I. Tzvetanov, L. Bejarano-Pineda, S. Setty, A. Harbhajanka, A. Khan, H. Jeon, R. Garcia-Roca, J. Oberholzer, E. Benedetti

Department of Surgery, University of Illinois Hospital &
Health Sciences System, Chicago, IL
Department of Pathology, Illinois Hospital &
Health Sciences System, Chicago, IL

Meeting: 2013 American Transplant Congress

Abstract number: C1233

Purpose: To evaluate the association of plasma cell population (PCs) in splenic histology of ABO incompatible (ABO-i) kidney transplant recipients and one year graft and patient survival.

Methods: We reviewed the clinical data and cellular population in the spleen of 29 recipients with an ABO-i kidney transplantation who underwent pre-emptive splenectomy from 2005 to 2011. The splenic histology was analyzed by immunohistochemistry. For comparison, we distributed the recipients into two groups according to the total PCs population obtained from the spleen. The cutoff point criteria for the two groups was that of being greater and below 2% for the PCs population.

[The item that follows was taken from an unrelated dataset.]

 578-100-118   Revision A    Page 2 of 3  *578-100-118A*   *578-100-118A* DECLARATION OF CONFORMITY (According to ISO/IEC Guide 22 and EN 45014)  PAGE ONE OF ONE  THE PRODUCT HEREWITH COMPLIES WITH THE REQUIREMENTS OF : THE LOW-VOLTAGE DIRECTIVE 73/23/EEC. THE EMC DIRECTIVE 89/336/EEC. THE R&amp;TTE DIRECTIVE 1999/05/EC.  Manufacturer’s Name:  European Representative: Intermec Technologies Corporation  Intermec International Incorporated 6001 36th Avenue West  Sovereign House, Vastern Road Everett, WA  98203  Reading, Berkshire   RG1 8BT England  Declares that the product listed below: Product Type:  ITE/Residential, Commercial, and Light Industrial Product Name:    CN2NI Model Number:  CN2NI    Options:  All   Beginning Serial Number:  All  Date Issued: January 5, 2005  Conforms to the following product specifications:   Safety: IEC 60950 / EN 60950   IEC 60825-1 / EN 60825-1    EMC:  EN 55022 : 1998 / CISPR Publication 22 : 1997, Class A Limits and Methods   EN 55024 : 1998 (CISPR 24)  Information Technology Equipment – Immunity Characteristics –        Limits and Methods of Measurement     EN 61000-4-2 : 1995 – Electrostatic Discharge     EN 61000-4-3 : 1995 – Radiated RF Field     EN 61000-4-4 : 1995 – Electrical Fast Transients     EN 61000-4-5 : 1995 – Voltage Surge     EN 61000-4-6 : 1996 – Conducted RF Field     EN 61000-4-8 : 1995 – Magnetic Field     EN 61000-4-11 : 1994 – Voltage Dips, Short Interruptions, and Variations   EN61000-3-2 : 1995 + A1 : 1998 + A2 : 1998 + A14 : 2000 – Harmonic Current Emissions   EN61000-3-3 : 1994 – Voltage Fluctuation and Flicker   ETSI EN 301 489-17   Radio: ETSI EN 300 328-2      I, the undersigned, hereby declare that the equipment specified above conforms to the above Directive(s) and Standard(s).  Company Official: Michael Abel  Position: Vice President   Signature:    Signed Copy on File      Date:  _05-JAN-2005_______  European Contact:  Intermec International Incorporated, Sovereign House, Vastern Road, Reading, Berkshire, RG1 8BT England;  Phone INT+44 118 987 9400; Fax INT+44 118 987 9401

Results: Eighteen recipients constituted the group of PCs population greater than 2%, as compared with eleven recipients in the group with a lower population. Within the first year after transplantation, three (16.7%) recipients presented graft loss and three (16.7%) recipients died in the group with the higher presence of PCs, as compared with no recipients with graft loss and who died in the group with the lower PCs population. Initial isoagglutinin titers higher than 1:32 prior to desensitization therapy were present in two (67%) recipients who experienced graft loss and in three (100%) deceased recipients [Table 1].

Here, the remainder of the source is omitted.